Crosscheck of our results

Although our conformers are representative of most of the AS structural ensemble emerging from NMR, our results may be dependent on the fact that we use a large, but certainly not exhaustive, ensemble of adducts. In this section, we address this issue by performing two additional calculations, as described in the Materials and Methods section.

  1. We tested whether starting from a very different structure from those based on NMR would yield similar results. To obtain such a structure, we performed MD calculations without any input from experimental data. We selected a model with the largest RMSD relative to the NMR structure (see Materials and Methods for details). Docking the ligands to this structure provided highly different models from those obtained starting from the NMR structures (RMSD ranging from 14 to 20 Å). However, the ligands did bind again to the C-terminal region, in a manner similar to how they did to the NMR structures (see Table 1 and Table S5). Moreover, they were stabilized, also in this case, by electrostatic interactions with E83 (Figure S6). The RMSD and the Rg fluctuated also in this case around an average value after 3 ns (Table S4). Thus, also in these models, the ligands do interact close to the C-terminal region (including residues 125YEMPS129) and they form long-range electrostatic interactions with E83, which is consistent with what we observed using structures based on NMR studies.
    We notice that the theoretical adducts are not representatives of the entire ensemble of structures that could be obtained by MD simulations. In particularly, they will be different if we change the initial structure and/or the simulation time length. However, our goal here is to use molecular dynamics to provide one additional structure which is largely different from those obtained by NMR representatives, rather than providing an additional ensemble of theoretically built (and therefore less reliable) models. The MD simulations are therefore used here to test whether the results obtained using the NMR representative structures can be obtained using dramatically different structures derived from MD simulations.
  2. Next, we repeated the entire computational procedure on the NMR structure using a different clustering algorithm [47] on a different number of initial conformers (1,000 conformers randomly chosen among the 3,062 initial ones). For this cluster analysis, a set of 18 representative conformations representing about 50% of the total number of chosen conformers were selected (see the supplementary information: “Cluster analysis S2”). The ligands were docked onto the representative conformations as in the previous analysis. The MD simulations of the ASligands complexes were also carried out as previously described. The results of these simulations showed that also for these conformations, the ligands bound mostly to the C-terminal region (Figures S7, S8 and S9 and Tables S7S8) which assumed a relatively ordered conformation upon binding of the ligands (Figure S10). The complexes also reveal an additional electrostatic stabilization mediated by the interactions between the ligands and Glu83 in the NAC region (Figure S11).

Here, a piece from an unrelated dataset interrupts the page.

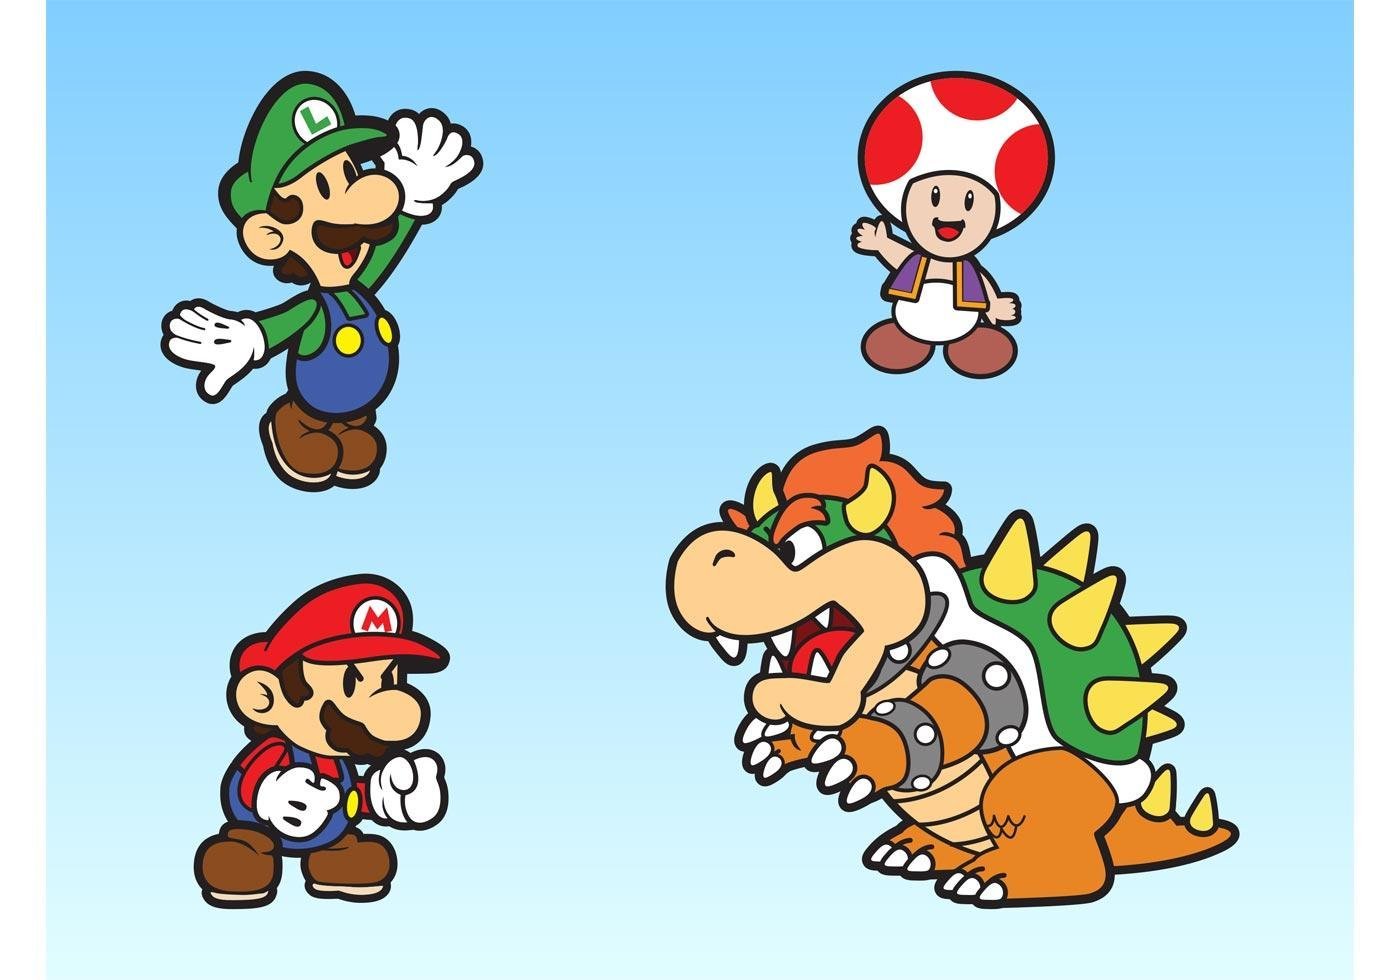 Super mario bros game. Марио персонажи. Игры super Mario Bros. Марио Денди персонажи. Супер Марио БРОС Марио.

These results demonstrate that our model for AS-dopamine interactions is robust and does not depend significantly on the chosen clustering analysis and/or the chosen number of NMR conformations.

We conclude that, no matter from which structure we start from, the ligands bind mostly to the C-terminal part of the protein which includes the 125YEMPS129 region. This result is consistent with the experimental observation that dopamine binds in vitro to this region [38], [40]. In spite of the limitations of the method used here to investigate dopamine binding to AS (especially the timescale and the large, yet surely not exhaustive ensemble of structures investigated here) the ligands appear to recognize the C-terminal region rather independently from its initial conformation. A possible explanation for this fact is offered by the observation that this region contains as many as five proline residues (in contrast to the rest of the protein, which does not contains prolines). In fact, this can impose local restrictions stabilizing the structure of the backbone of this region as it was shown for another member of AS family, β-synuclein, which shares 60% of sequence identity and contains 8 prolines in its C-terminal region [69].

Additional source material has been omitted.